Tasks that do not require the most advanced inference capabilities, such as routine code completion, formatting, and simple refactoring, are taken over by Composer, leaving the expensive API calls for scenarios that truly need them.

The results were quickly evident. Cursor's large enterprise accounts have achieved positive gross margins. Although individual developer accounts are still in the red, the overall situation has improved.

The latest Composer 2.5 is a continuation of this logic. Cursor admits that it is based on the Kimi K2.5 base and is specifically trained for long-cycle programming tasks, with a synthetic data volume 25 times that of the previous generation.

Choosing an open-source base instead of self-development and specialized fine-tuning instead of all-round training helps to keep costs down at every step.

This mechanism ultimately results in an acceptable cost structure.

The most complex requirements are handed over to cutting-edge models like Claude and GPT, while the most frequent and standardized tasks in the middle are handled by Cursor's own Composer.

Combined with Cursor's own system, the more specific the requirements, the more room there is for training specialized models, and the lower the reliance on upstream models.

3

The qualification for reevaluation

In a sense, what Cursor is doing is to accomplish a noble task in an inelegant way.

It does not insist on proving "my model is stronger than yours," nor does it try to compete head-on with Anthropic and OpenAI in basic research. It accepts its position and, from that position, maximizes what can be done at the application layer.

The AI foundation models are moving from a "winner-takes-all" situation to a "multi-polar coexistence" state. When no single model can dominate in all scenarios, the engineering capabilities at the application layer become the real determinant of user retention.

Whoever can make more efficient, stable, and cost-effective use of limited model capabilities will win the real competition.

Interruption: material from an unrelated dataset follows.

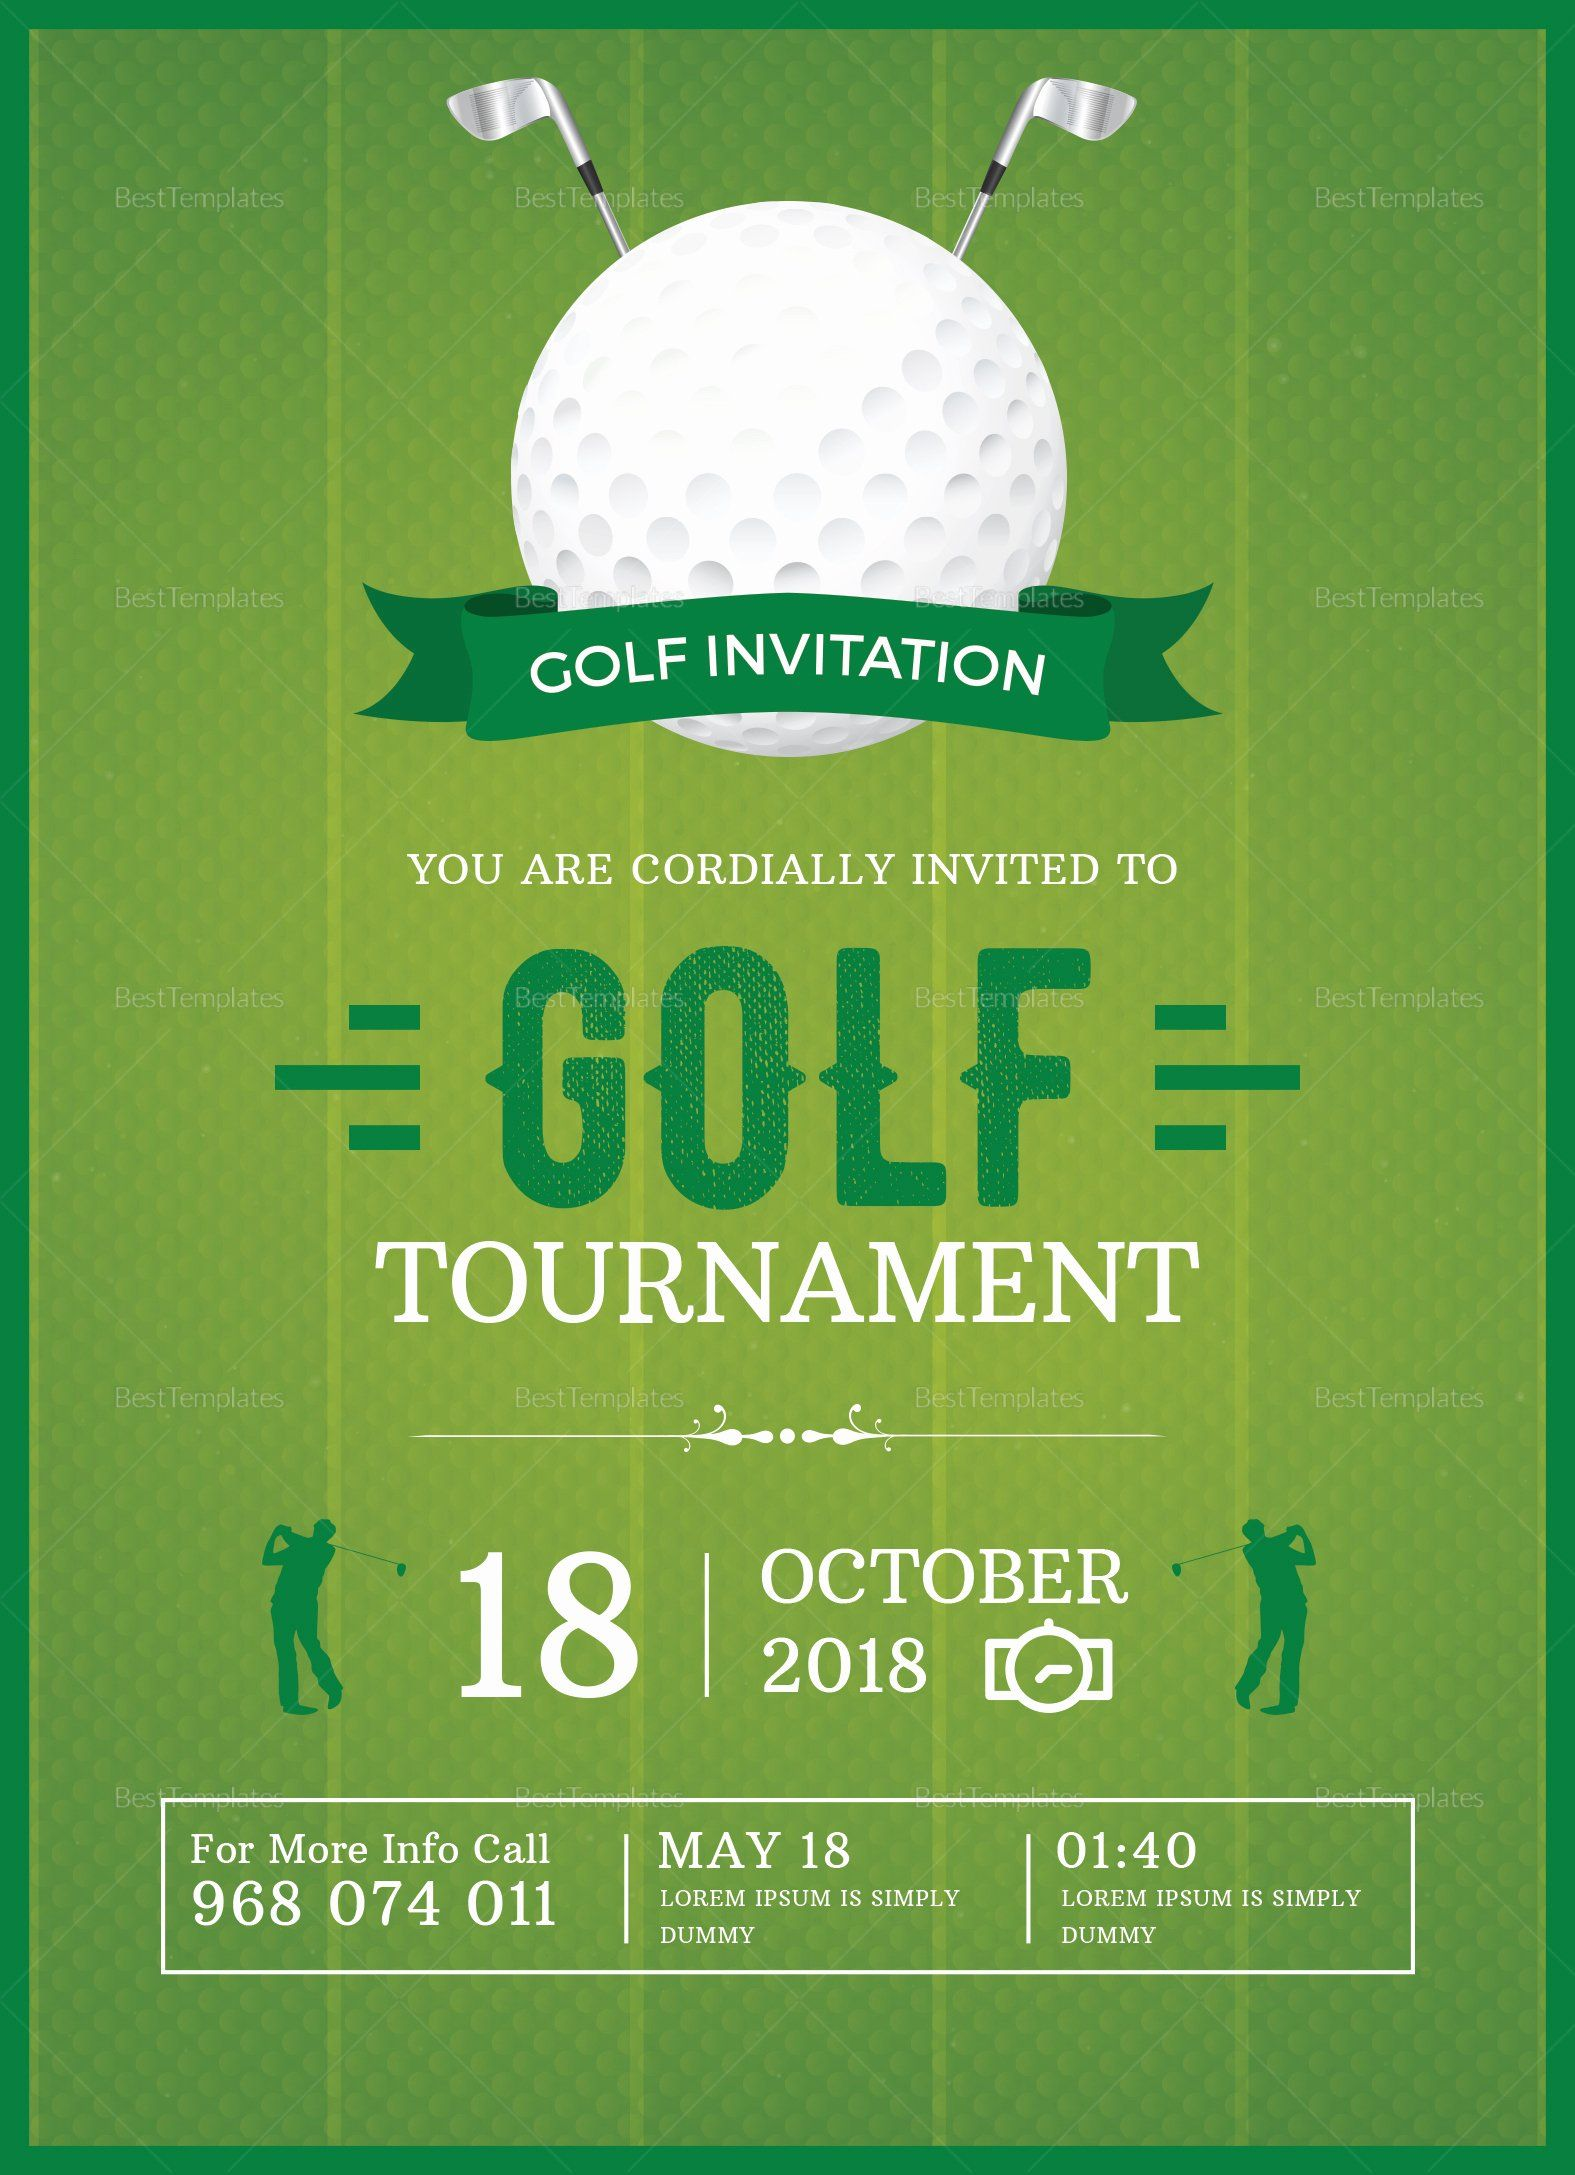 Golf Tournament Invitation Template Free Fresh Golf Invitation Design Template In Word Psd Publi Golf Invitation Invitation Template Invitation Design Template

This competition is not over yet. Claude Code will not sit idle. The ceiling of model capabilities is still rising, and the native teams are also accelerating their investment in tool invocation and context optimization.

How long Cursor's opportunity window will remain open depends on two things: whether its engineering accumulation at the application layer can continue to lead, and whether it can wait for the market landscape to truly stabilize before its cost structure becomes completely healthy.

But at least for now, it has regained the market's trust.

In the AI industry, being able to survive long enough to be reevaluated is already a victory in itself.

This article is from the WeChat official account "Silicon Star Pro." Author: Dong Daoli. Republished by 36Kr with permission.